Take this passage from the book I just finished reading a couple days ago, The Way the Crow Flies by Ann-Marie MacDonald (a generally decent though oddly-to-glacially paced book), published in 2003. From the point of view of Madeleine, an eight year old girl:
Once upon a time there was a mountain cave. The Piper led the children into it, all except one who was lame and could not keep up. By the time that child arrived, the door had vanished and she was forlorn, never knowing whether she was lucky or just lonely. Who was that child? The lame one. The one who became a grown-up.
Through closed eyes, Madeleine can hear the voice of children from inside the mountain. Hers is among them. The wool of the carpet bristles her cheek, she keeps her eyes closed, listening.

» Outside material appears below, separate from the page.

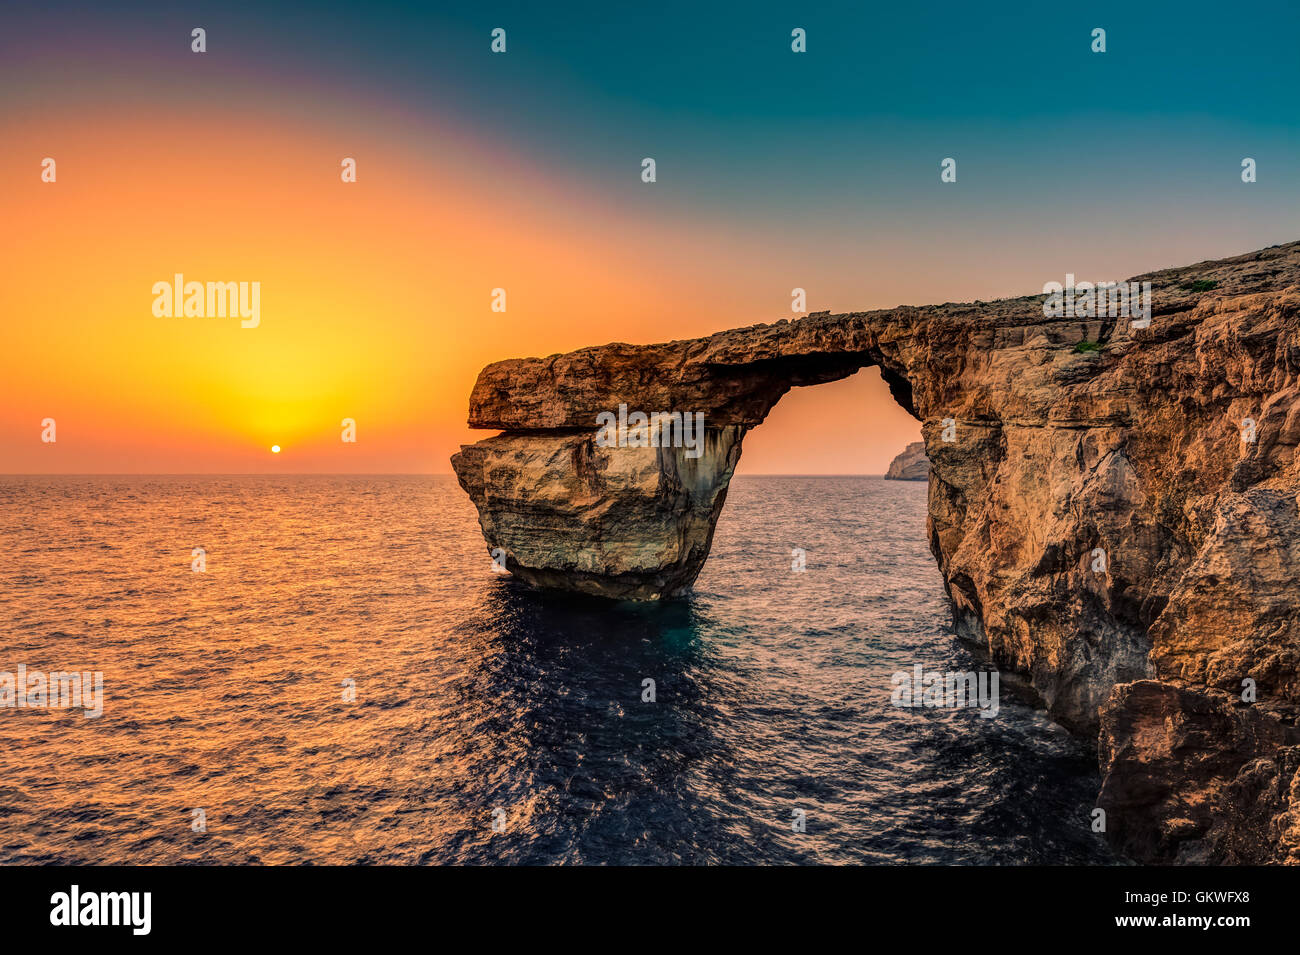 Azure Window, Malta Stock Photo

How can a grown-up ever gain entry? Unless you become as one of these.... Not "innocent," just new. Raw and so very available to life. Why do grown-ups insist on childhood "innocence"? It's a static quality, but children are in flux, they grow, they change. The grown-ups want them to carry that precious thing they believe they too once had. And the children do carry it, because they are very strong. The problem is, they know. And they will do anything to protect the grown-ups from knowledge. The child knows that the grown-up values innocence, and the child assumes that this is because the grown-up is innocent and therefore must be protected from the truth. And if the ignorant grown-up is innocent, then the knowing child must be guilty. Like Madeleine.
Then look at this bit from the (far, far stranger) novel I'm now halfway through, Geek Love, by Katherine Dunn, published in 1989[*]. The narrator is a 38 year old hairless albino hunchback dwarf, recounting the story of her life growing up as the (closest-to-normal) child of carny parents:
It is, I suppose, the common grief of children at having to protect their parents from reality. It is bitter for the young to see what awful innocence adults grow into, that terrible vulnerability that must be sheltered from the rodent mire of childhood.
Can we blame the child for resenting the fantasy of largeness? Big, soft arms and deep voices in the dark saying, "Tell Papa, tell Mama, and we'll make it right." The child, screaming for refuge, senses how feeble a shelter the twig hut of grown-up awareness is. They claim strength, these parents, and complete sanctuary. The weeping earth itself knows how desperate is the child's need for exactly that sanctuary. How deep and sticky is the darkness of childhood, how rigid the blades of infant evil, which is unadulterated, unrestrained by the convenient cushions of age and its civilizing anesthesia.
Grownups can deal with scraped knees, dropped ice-cream cones, and lost dollies, but if they suspected the real reasons we cry they would fling us out of their arms in horrified revulsion. Yet we are small and as terrified as we are terrifying in our ferocious appetites.
We need that warm adult stupidity. Even knowing the illusion, we cry and hide in their laps, speaking only of defiled lollipops or lost bears, and getting a lollipop or a toy bear's worth of comfort. We make do with it rather than face alone the cavernous reaches of our skulls for which there is no remedy, no safety, no comfort at all. We survive until, by sheer stamina, we escape into the dim innocence of our own adulthood and its forgetfulness.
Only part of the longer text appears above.